Much of our marketing material features the phrase, “Studies show that people would rather text than talk.” We also use this as a conversation starter during sales presentations, with many people wondering why and how this pattern has come to exist in our society.
The article below appeared in USA today, and takes a stab at explaining why families are turning to texting, rather than talking (or yelling). While the article does not directly address the issue of business texting, it does demonstrate the fact that texting has become a deep part of our culture. As business people, we must communicate with our customers, clients, employees, and associates in a way that they feel comfortable. Not sending messages via text increases the risk that we will be ignored. You may like doing business via email or the telephone, but people are more and more comfortable communicating, and therefore doing business, via text.

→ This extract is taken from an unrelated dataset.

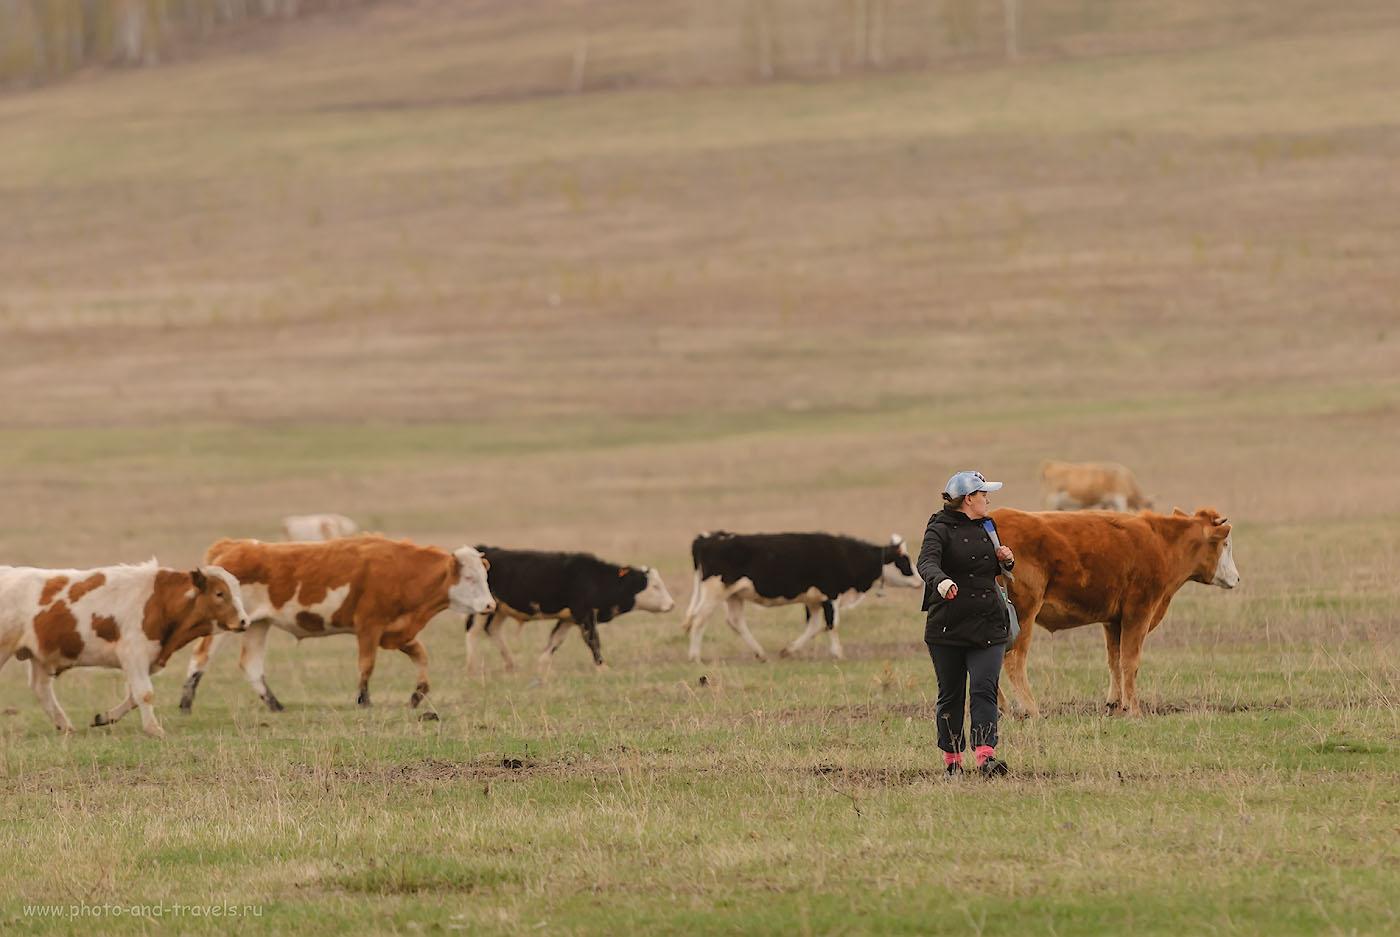 Фотография 45. Решили отдохнуть в Башкирии? Смотрите, чтобы местное бычье не забодало и клещи не выпили всю кровь. 1/320, 2.8, 320, 185.

Scheduling appointments, confirming service, asking product questions, or getting technical support are all tasks that you must be able to handle via text. If you don’t have a texting strategy as part of your business communications plan, your customers may soon be leaving you for a competitor who does.
If you were forced to do business with a vendor only via snail mail or fax, I’m sure you would soon be looking for a replacement for that vendor. In a very short time, email and phone calls will soon be in that same bucket with snail mail and faxes.
This story originally appeared in USA TODAY
Are you texters or yellers? Many families are turning to texting at home to ‘talk’
Edward C. Baig, USA TODAY
- Yelling may have negative consequences, experts say
- Texting at home may be a prelude to a deeper conversation
- A dependence on devices may also impede learning social interaction and how to read body language
It’s time for homework or to summon the troops for dinner. Sure, you could holler upstairs, but that seems so last century. You save your voice and text them instead.
And let’s be honest. It’s not just the kids we are texting – we’re also texting each other, at home.
So is texting under one roof becoming the modern-day equivalent of the dinner bell or intercom? Or is it yet one more example of our obsession with technology taking the place of face-to-face communications?
The mere act of texting one another in the same house may be built on the assumption that your kid is already glued to a screen at the other end – quite likely on Instagram or playing a game, rather than reading or studying for the next day’s exam. Does that mean you are unwittingly condoning their dependence on such a device by communicating this way?
Many parents who exchanged messages with USA TODAY are perfectly cool with same-home texting or even the odd phone call that requires only a quick answer to a casual question or that reminds the kids that food is on the table or that it’s time to get to the household chores.
For that matter, though, your son or daughter is just as likely to text first. (“Dad, can you approve my app request?”)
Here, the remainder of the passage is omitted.